The control graphic was implemented with preset minimum and maximum values and change rates to allow flexibility but protect the OTSG. While control improvements had the potential to improve operation with ambient temperatures between 40 and 50F, achieving very cold weather operation during ambient conditions less than 30F required additional efforts on the steam generation system. Internal engineering studied these four alternatives:

  • Increasing OTSG thermal efficiency.
  • Adding exhaust-duct firing.
  • Maintaining higher feedwater temperature.
  • Enhanced IGV controls only.

Increasing OTSG thermal efficiency via increased surface area showed the greatest benefit for the dollars invested. Consequently, it resulted in the least plant disruption with regards to installing balance of plant systems or environmental permit reviews while allowing the units to operate in temperatures between 0F and 10F.

Upon selecting the concept, the plant owner obtained additional engineering support, component manufacturing, and field installation services from the OTSG OEM, which recommended changing fin pitch on the OTSG tubes from 5 fins per inch (FPI) to nine on two of the six rows of tubes for 23% additional surface area. The OTSG tube change out was completed during June and July.

The internal outage planning organization and OTSG OEM field service crews were able to complete the work ahead of schedule and on budget, allowing the plant to set new generation records. Finally, O&M personnel focused early in the projecton the lack of freeze protection on certain critical instruments. Plant personnel, along with an internal field services crew, installed insulated and heated instrumentation boxes around all water-containing pressure transmitters.
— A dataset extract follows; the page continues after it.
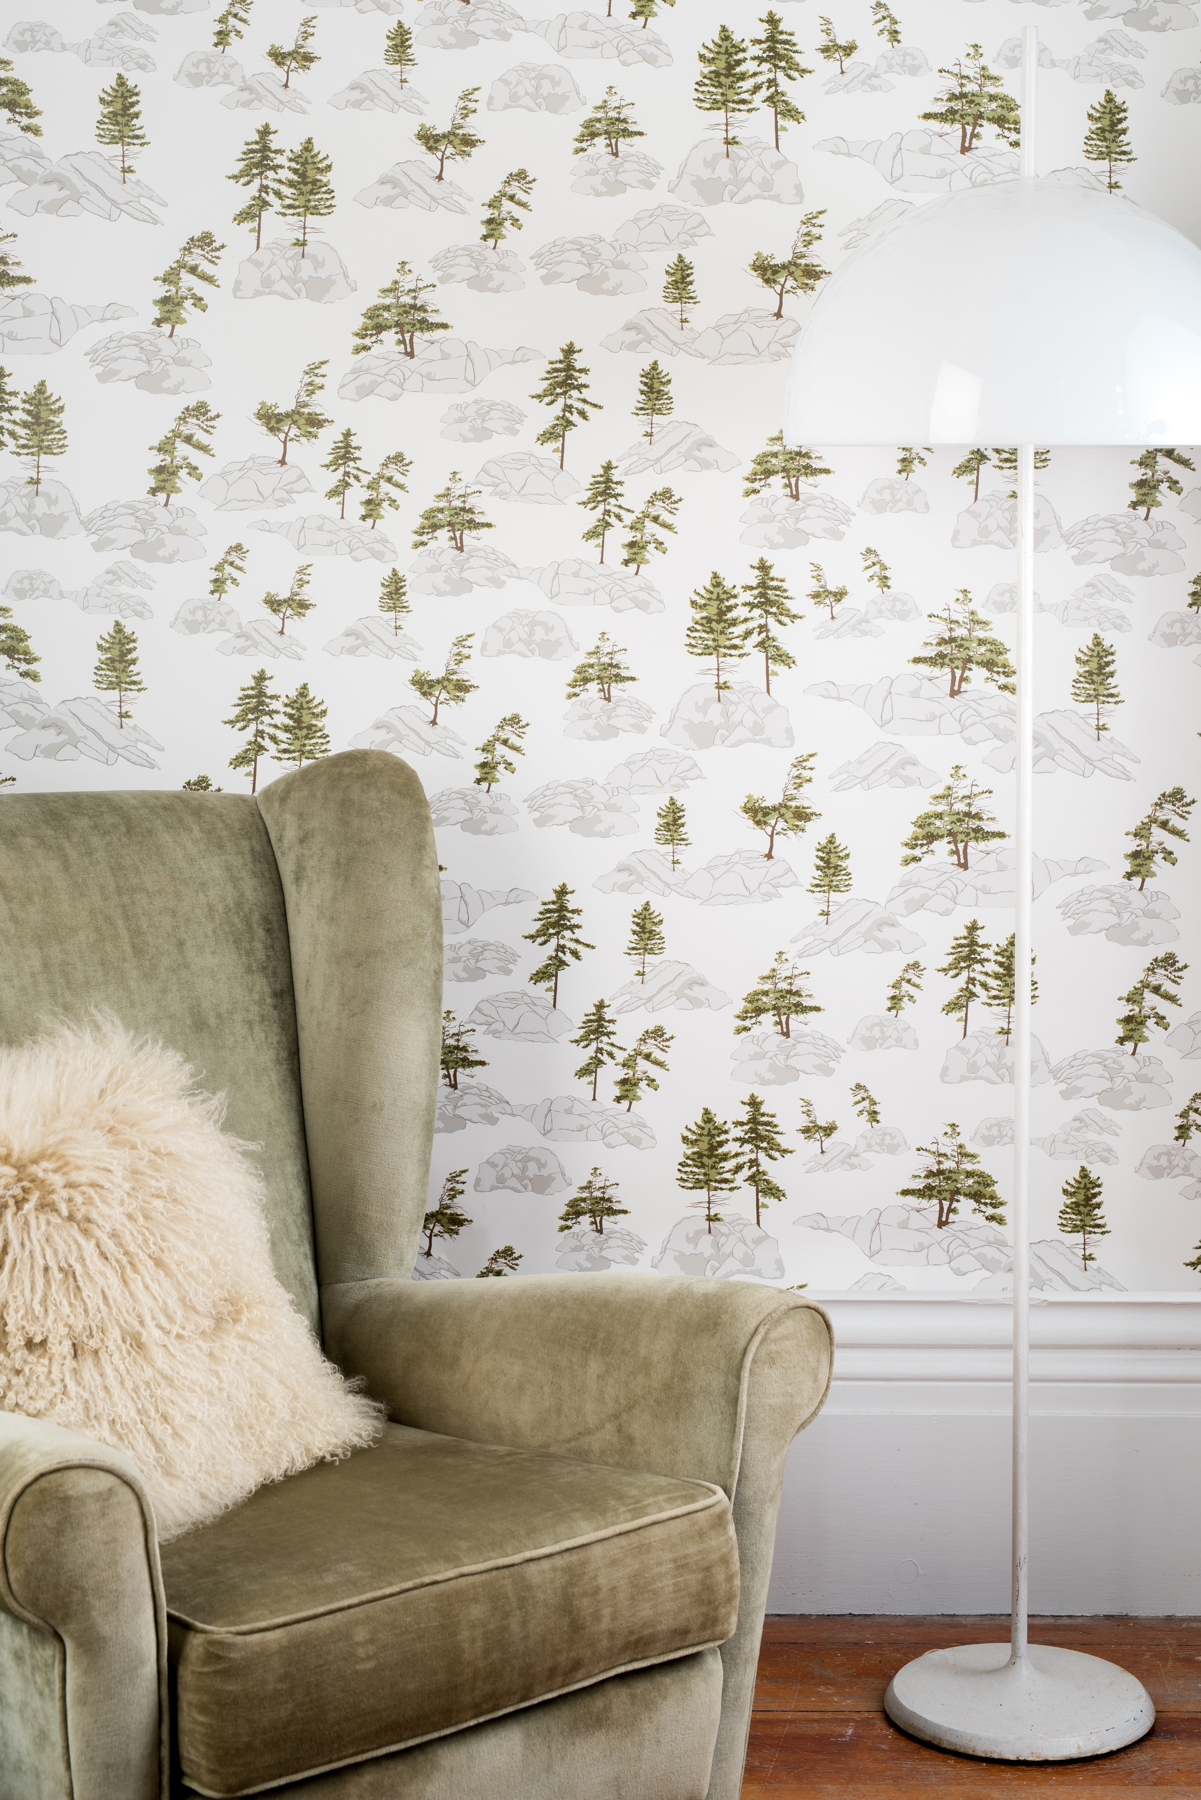 Kate Golding Canadian Shield wallpaper // Modern wallcoverings and interior decor.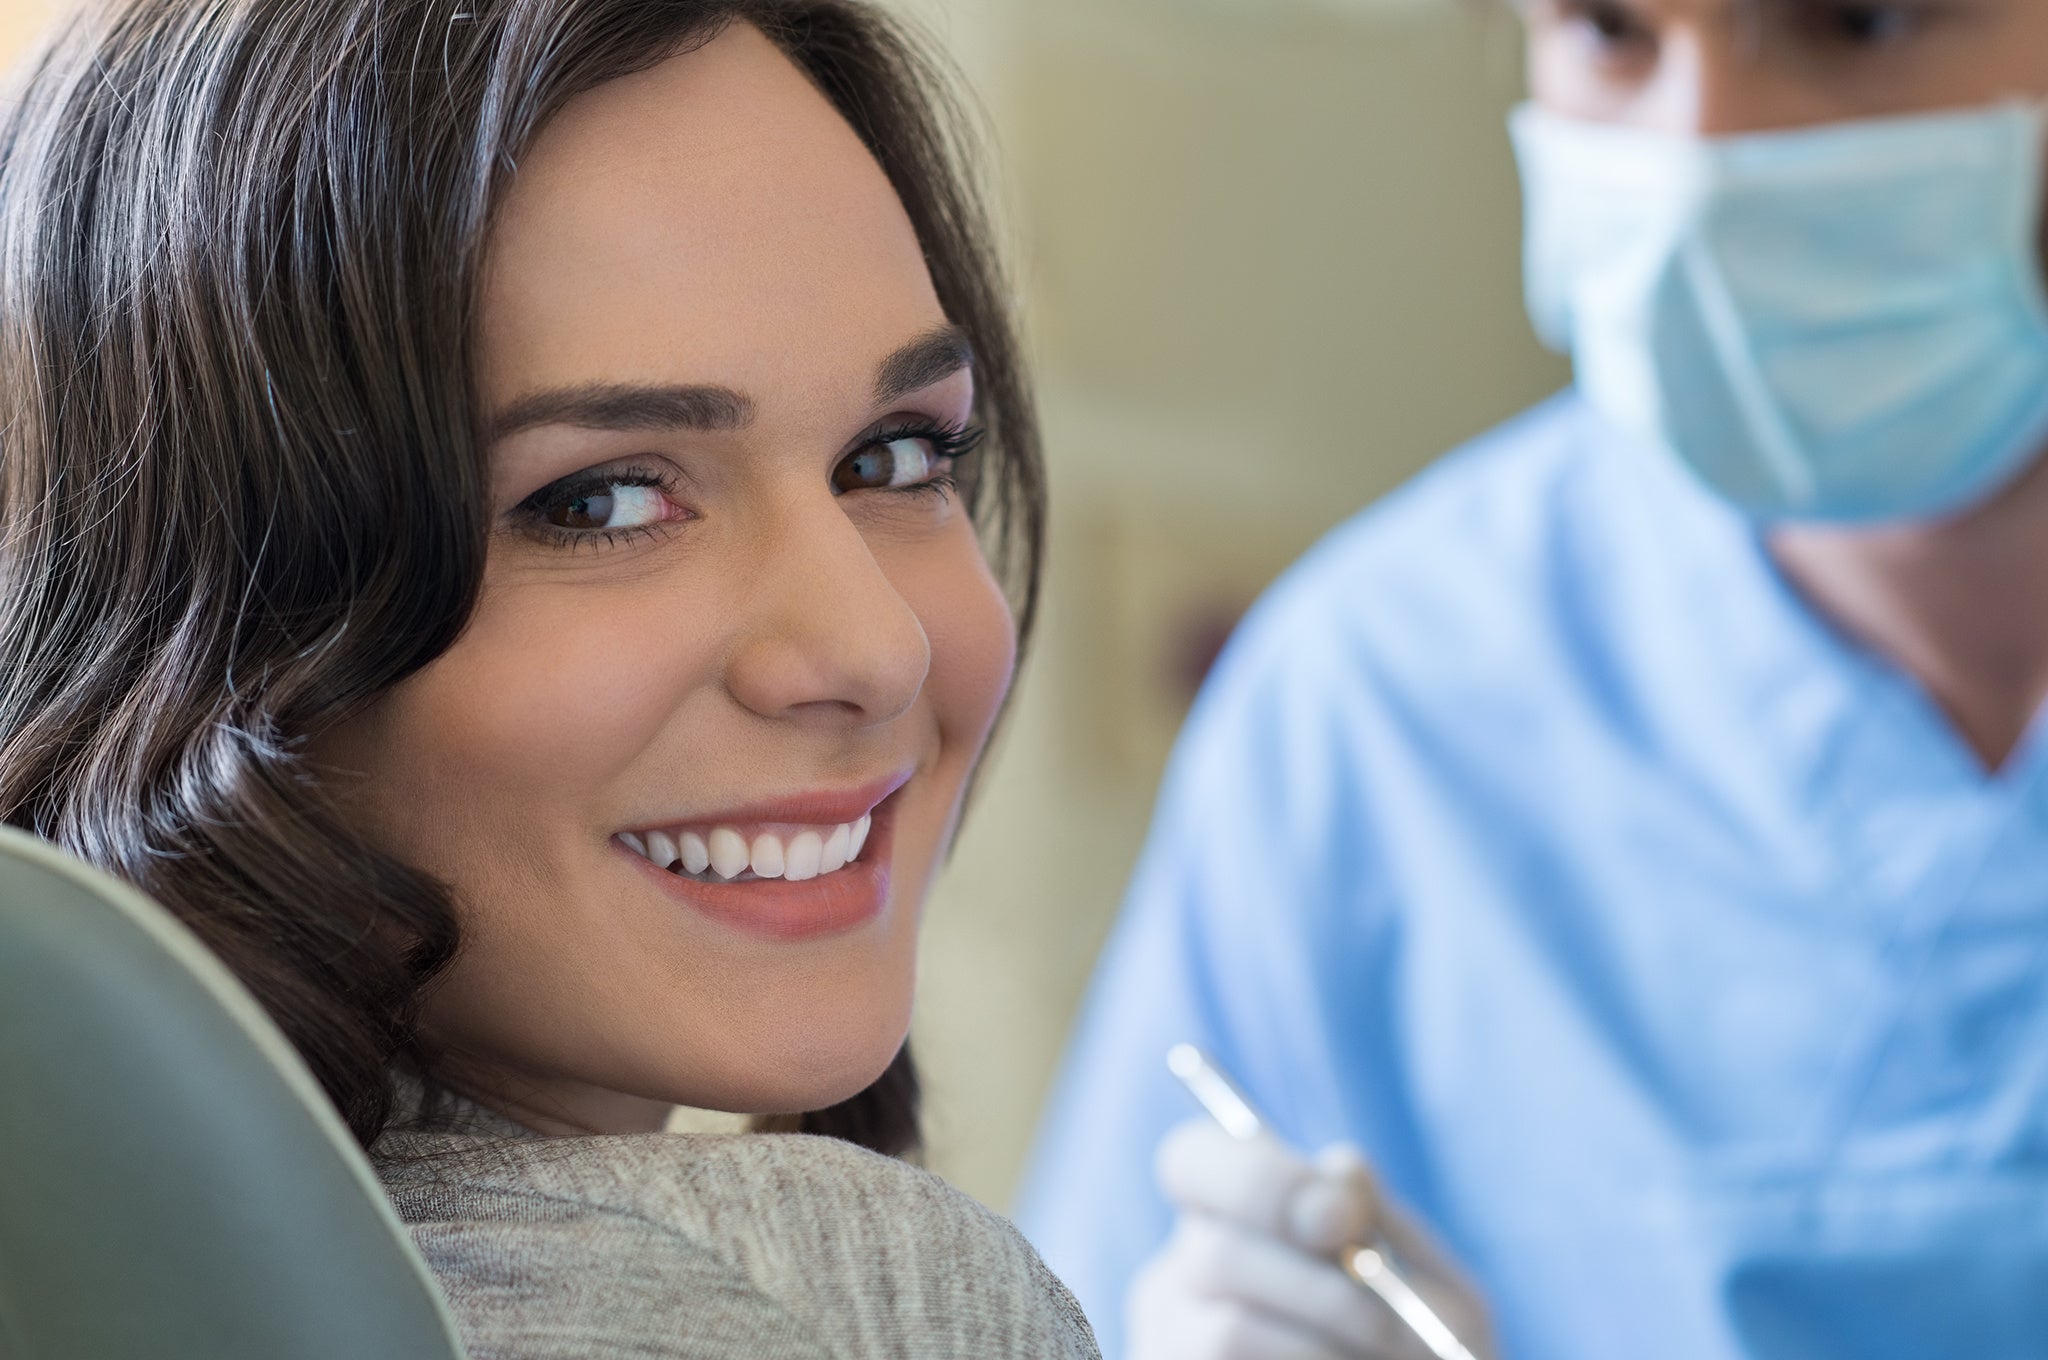 Smiling young woman at dentist office

With temperatures below normal in December 2010, additional issues were discovered with the existing feedwater and attemperator freeze protection, as well as instrument air systems. The plant’s engineering and maintenance resources quickly responded with freeze protection and piping insulation upgrades to sustain operations below 20F.

Results.

As the project phases were completed, the operational impact was immediate:

  • IGV control improvements maximized exhaust temperature and were easily enabled and disabled by the operators.
  • Feedwater control improvements reduced steam injection task duration from 5 to 10 minutes to 3 to5 minutes and allowed outside operators to focus on other unit startup tasks.
  • Additional 23% surface area in the OTSG increased steam temperature by more than 120 deg F, allowing the units to successfully operate at ambient temperatures as low as 10F with greater than 100 deg F of superheat.

Along with the critical instruments and more recent upgrades to the feedwater and attemperator freeze protection systems, the two units are providing 220 MW of previously unavailable generating capacity for project cost of less than $1 million.